Another Oxbridge man, Frost took the early 1960’s satire boom onto television with ‘That was the week that was’, a smash hit show that was only cancelled when it was believed, by BBC bosses, that its scathing lampoons of politicians could influence voters in the forthcoming 1964 general election.
It was inside the writers’ room of Frost’s next show, The Frost Report that the Python’s-to-be really honed their craft; working on a live show to tight deadlines in an environment where no idea was too far out to be considered for a weekly audience of 14 million.
Cleese and Chapman would go on from there to form one half of the four man team that made ‘At Last… the 1948 Show’, in 1967; a show that ventured considerably deeper into the surreal with sketches involving deranged psychiatrists and ferrets.
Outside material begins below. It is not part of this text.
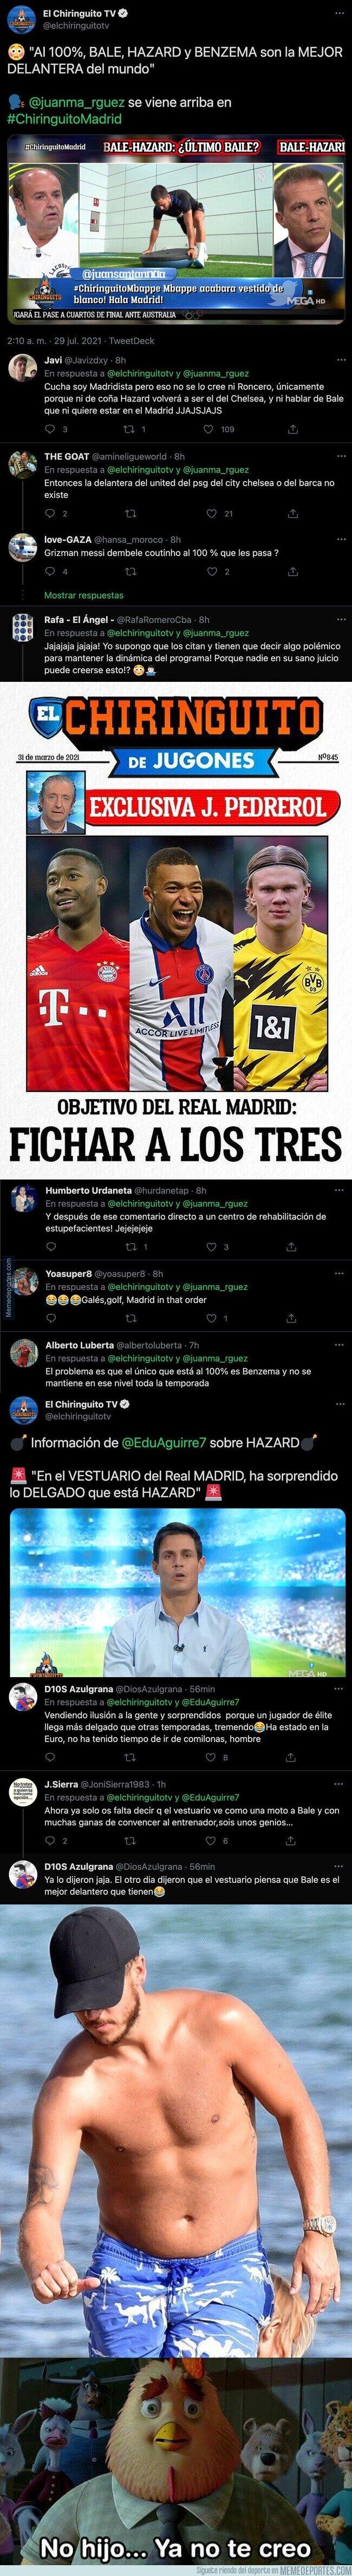 1140792 - Todo el mundo se está riendo con estas informaciones de El Chiringuito sobre Bale y Hazard
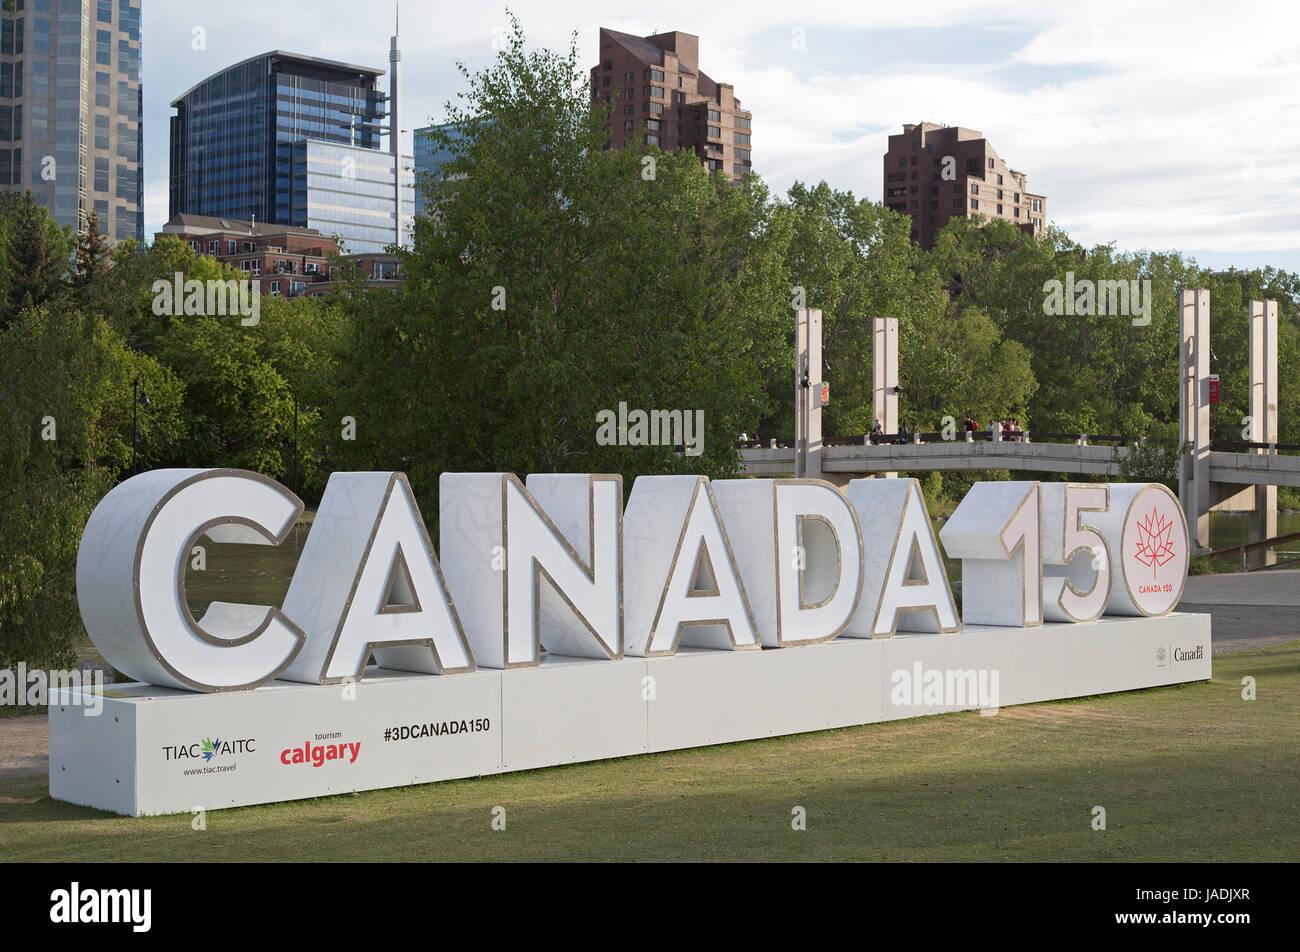 Canada 150 signe tridimensionnel célébrant le 150e anniversaire du pays depuis la Confédération, Photo Stock

Eric Idle, along with Terry Jones and Michael Palin however, went down the road of children’s programming, writing and performing in a show called ‘Do not adjust your set’. Attracting a sizable adult audience, despite its weekday afternoon timeslot, the show had live music from the Bonzo Dog Do Dah Band and its strange, bohemian air caught the attention of Terry Gilliam who having made his way to London, forced his way onto the show to provide animated segments. Finally, in 1969, it was Cleese who contacted Palin and Jones to ask if the two writer duo’s plus Idle and Gilliam should work together.
“They’d just done another show called ‘A Complete and Utter History of Britain’, Cleese recalls of Jones and Palin’s most recent work.
“I contacted them and said ‘well, you won’t be doing any more of those will you?’ We were always putting each other down….”
Nobody can remember where the first meeting of all half dozen men took place in April 1969. Some remember it as being in a park, others in an Indian restaurant. What’s certain is that their subsequent meeting with Michael Mills, head of comedy at the BBC, was the final breakthrough: “We were intimidating because we didn’t give a damn,” recalls Cleese. “We wanted it all on our own terms. We weren’t overawed in any way.”
‘Owl-Stretching Time’ and ‘The Toad Elevating Moment’ were all put forward as titles before Monty Python was agreed on. And so finally, in the less than desirable timeslot of 10:55pm on a Sunday night on the 5th of October 1969, the first episode was aired.
Called ‘Whither Canada’, the country was, in a style true to form for Python, never once mentioned in the entire programme. From that moment, comedy would never be the same again, fast forward half a century and with one Python dead (Graham Chapman who died of throat cancer in 1989) and with Terry Jones suffering from dementia, the Python story is now almost at an end; the remaining members of the gang steadfastly refusing to reunite for the 50th anniversary this year.
It was Terry Gilliam the only American and perhaps the closest thing to an ‘outsider’ in the Python gang who perhaps best described how these young Englishmen from the most unprepossessing provincial backgrounds, changed the comedy landscape forever.
“There are a lot of people who have come to believe in Python as a form of honesty, as opposed to what is normally presented on television,” Gilliam stated in an interview.
“Here is a show that is outspoken, says what it wants to say, does extraordinary things, takes all sorts of chances, is not out to sell corn plaster, or anything. It is out to entertain, surprise, enlighten even, the people that are viewing it.”